Data Loading Guide¤
This guide covers loading and preprocessing data in Artifex. All dataset APIs follow the same two-layer pattern: pure data generation functions that return dict[str, jnp.ndarray], and factory functions that wrap those dicts in a datarax.sources.MemorySource for pipeline integration.
Quick Start¤
import jax.numpy as jnp
from flax import nnx
from artifex.generative_models.modalities.image.datasets import create_image_dataset
rngs = nnx.Rngs(0)
# Factory function returns a MemorySource
source = create_image_dataset("synthetic", rngs=rngs, height=32, width=32, channels=3, dataset_size=1000)
# Random-access indexing
sample = source[0]
print(sample["images"].shape) # (32, 32, 3)
# Batch retrieval
batch = source.get_batch(32)
print(batch["images"].shape) # (32, 32, 32, 3)
# Length
print(len(source)) # 1000
Core Concepts¤
Two-Layer API¤
Every modality exposes the same structure:
-
Data generation functions -- pure functions that accept scalar parameters and return a
dict[str, jnp.ndarray]. They have no side effects and do not depend on external state. -
Factory functions -- thin wrappers that call a generation function and pack the result into a
MemorySource.
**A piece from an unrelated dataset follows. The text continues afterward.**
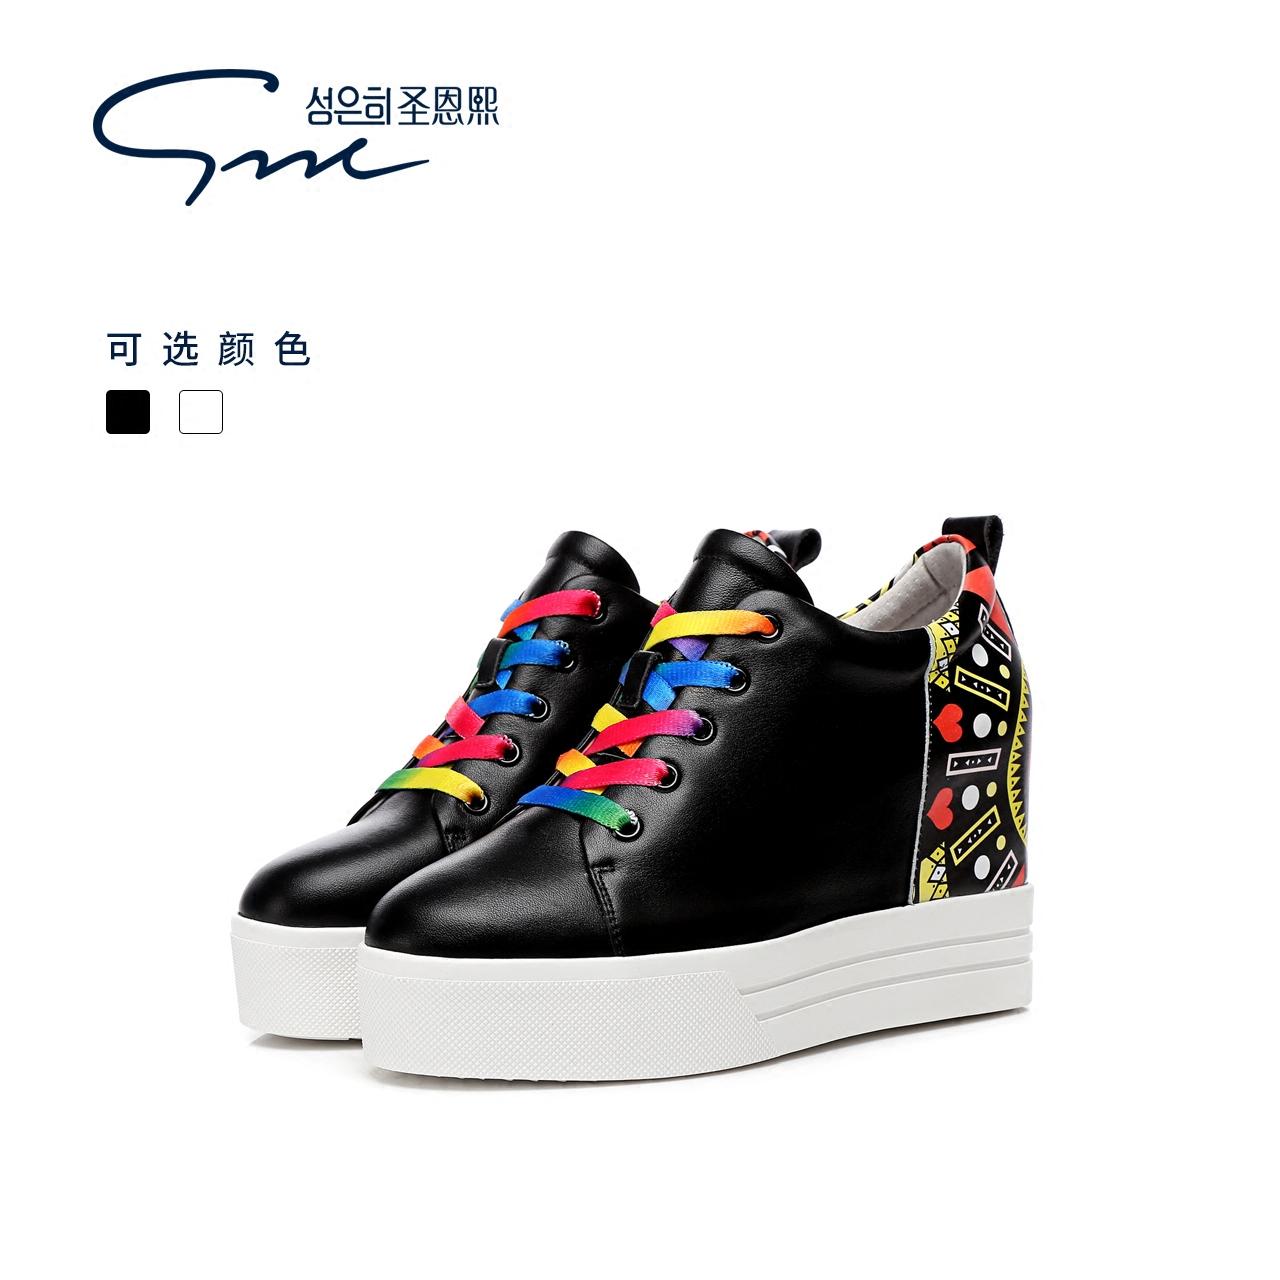 圣恩熙 高邦鞋子女2018新款百搭韩版内增高女鞋8cm高帮运动鞋女潮

They accept anrngs: nnx.Rngsargument for shuffling support.
from artifex.generative_models.modalities.image.datasets import (
generate_synthetic_images, # data generation (pure)
create_image_dataset, # factory (returns MemorySource)
)
MemorySource¤
datarax.sources.MemorySource is the standard data container. It wraps a dict[str, array] and provides:
| Method / property | Description |
|---|---|
__len__() |
Total number of samples |
__getitem__(index) |
Single-sample random access; returns a dict of per-key slices |
__iter__() |
Iterate over samples one at a time |
get_batch(batch_size) |
Stateful batch retrieval with internal index tracking |
All factory functions return a MemorySource, so the access patterns above work uniformly across modalities.
Pipeline Integration with datarax¤
To feed a MemorySource into a processing pipeline, use datarax.Pipeline:
from datarax import Pipeline
from flax import nnx
source = create_image_dataset("synthetic", rngs=rngs, dataset_size=500, height=64, width=64)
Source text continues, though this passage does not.